With an enterprise service bus (ESB),
you can maximize the flexibility of an SOA. Participants in a service
interaction are connected to the ESB, rather than directly to one
another.
When the service requester connects to the ESB, the ESB takes responsibility
for delivering its requests, using messages, to a service provider
offering the required function and quality of service. The ESB facilitates
requester-provider interactions and addresses mismatched protocols,
interaction patterns, or service capabilities. An ESB can also enable
or enhance monitoring and management. The ESB provides virtualization
and management features that implement and extend the core capabilities
of SOA.
The ESB abstracts the following features:
- Location and identity
- Participants need not know the location or identity of other participants.
For example, requesters need not be aware that a request could be
serviced by any of several providers; service providers can be added
or removed without disruption.
- Interaction protocol
- Participants need not share the same communication protocol or
interaction style. For example, a request expressed as
SOAP over HTTP can be serviced by a provider that only understands
SOAP over Java™ Message Service (JMS).
- Interface
- Requesters and providers need not agree on a common interface.
An ESB reconciles differences by transforming request and response
messages into a form expected by the provider.
- Requesters and providers need not agree on a common interface
- An ESB reconciles differences by transforming request messages
into a form expected by the provider.
- Qualities of (interaction) service
- Participants, or systems administrators, declare their quality-of-service
requirements, including authorization of requests, encryption and
decryption of message contents, automatic auditing of service interactions,
and how their requests should be routed (for example, optimizing for
speed or cost).
Interposing the ESB between participants enables you to modulate
their interaction through a logical construct called a mediation.

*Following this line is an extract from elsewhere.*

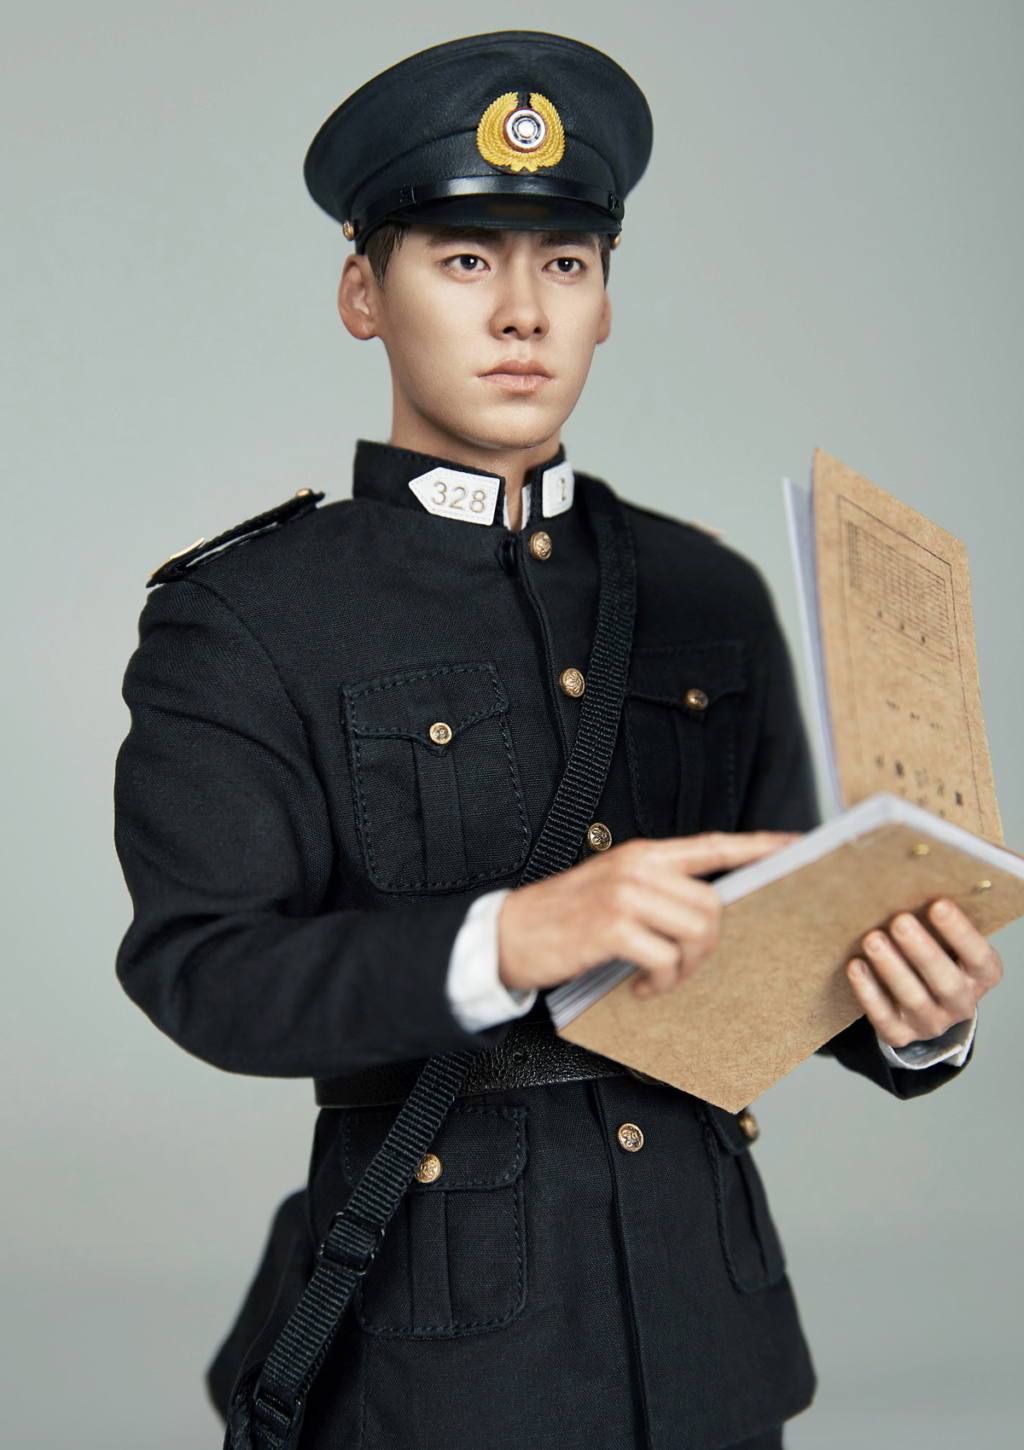 LiYifeng - NEW PRODUCT: Blitzway: 1/6 "Secret and Great"-Gu Yaodong (played by Li Yifeng) Action Figure 16291411

Mediations operate on messages in-flight between requesters and providers.
For example, mediations can be used to find services with specific
characteristics that a requester is asking for, or to resolve interface
differences between requesters and providers. For complex interactions,
mediations can be chained sequentially.
An
enterprise service bus, with
mediations, performs the following actions between requester and service:
- Routing messages between services. An enterprise service bus offers a common
communication infrastructure that can be used to connect services,
and thereby the business functions they
represent, without the need for programmers to write and maintain
complex connectivity logic.
- Converting transport protocols between requester
and service. An enterprise service bus
provides a consistent, standards-based way to integrate business functions that use
different IT standards. This enables integration of business functions that could
not normally communicate, such as to connect applications in departmental
silos or to enable applications in different companies to participate
in service interactions.
- Transforming message formats between requester and
service. An enterprise service bus enables business functions to exchange
information in different formats, with the bus ensuring that the information
delivered to a business function is
in the format required by that application.

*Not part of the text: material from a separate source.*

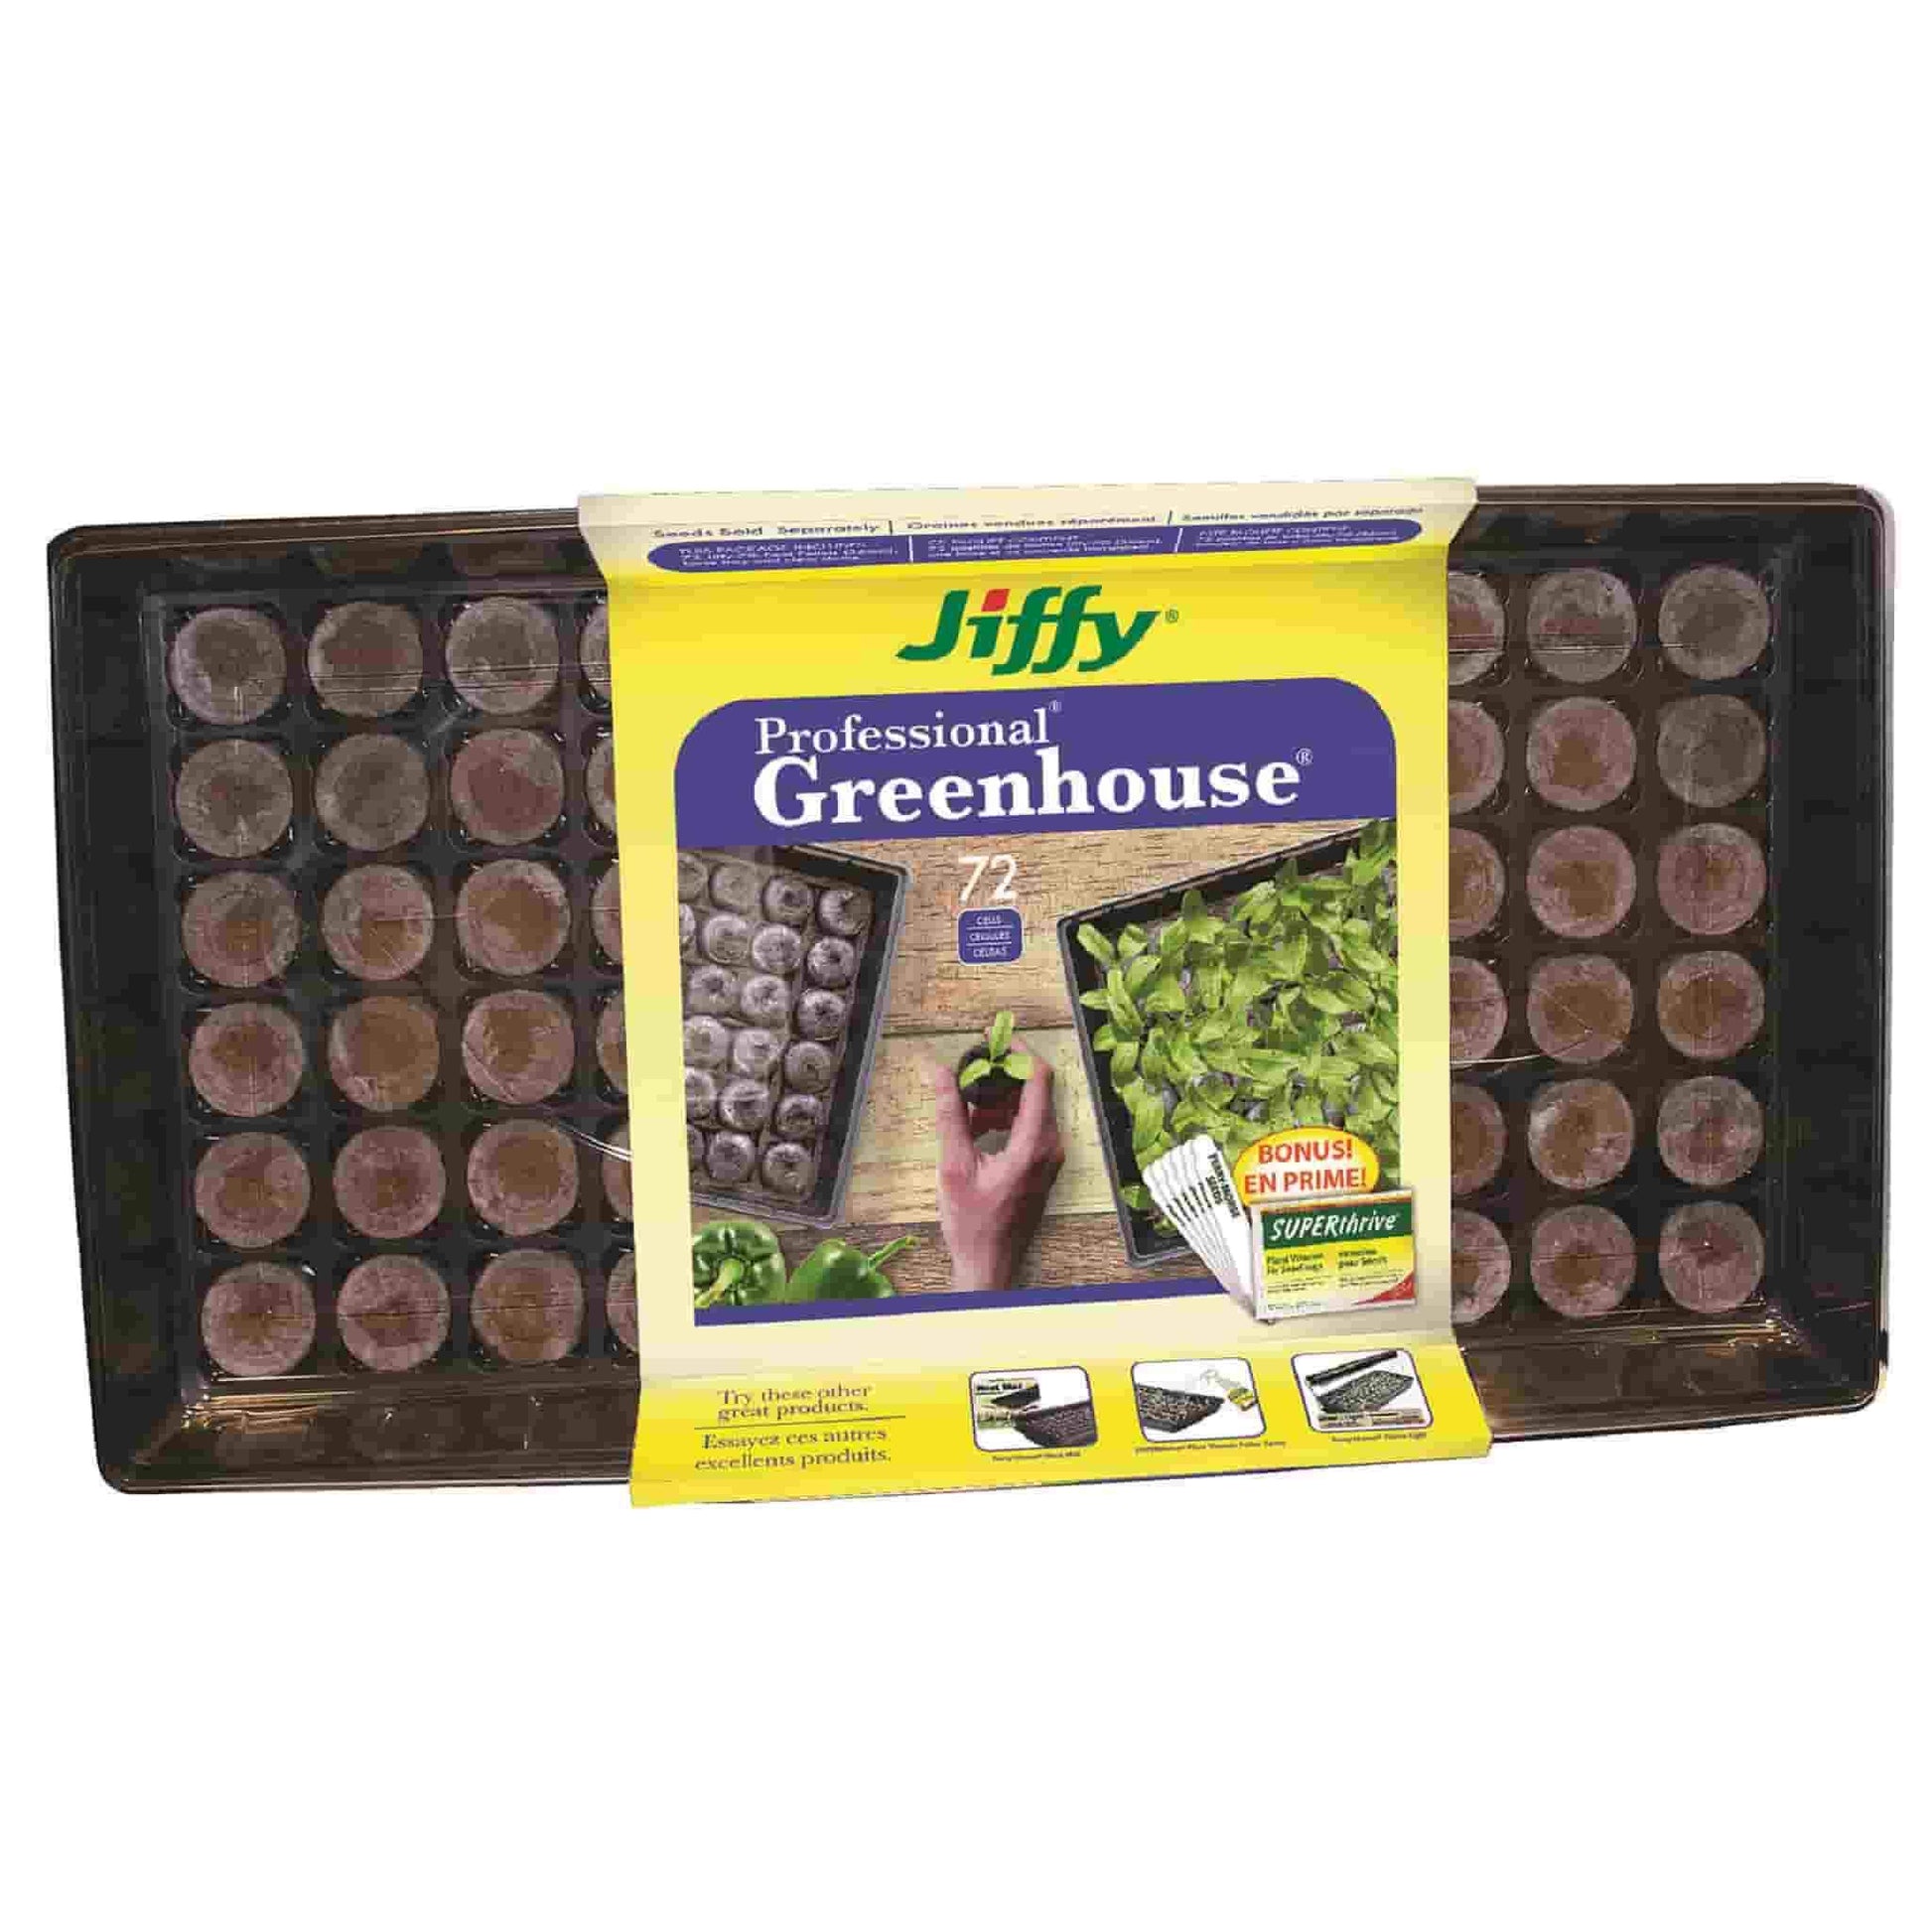 Jiffy 72 Pellet Professional Greenhouse with SUPERthrive

- Handling business events from disparate sources.
An enterprise service bus supports
event-based interactions in addition to the message exchanges to handle
service requests.
Figure 1. An enterprise service bus.
The enterprise
service bus is routing messages between applications, which are requesters
or providers of services. The bus is converting transport protocols
and transforming message formats between requesters and providers.
In this figure, each application uses a different protocol (represented
by the different geometric shapes of their connectors) and uses different
message formats.
By using the enterprise service bus you
can concentrate focus on your core business rather than your computer
systems. You can change or add to the services when you need to; for
example, to respond to changes in the business requirement, to add
extra service capacity, or to add new capabilities. You can make the
required changes by reconfiguring the bus, with little or no impact
to existing services and applications that use the bus.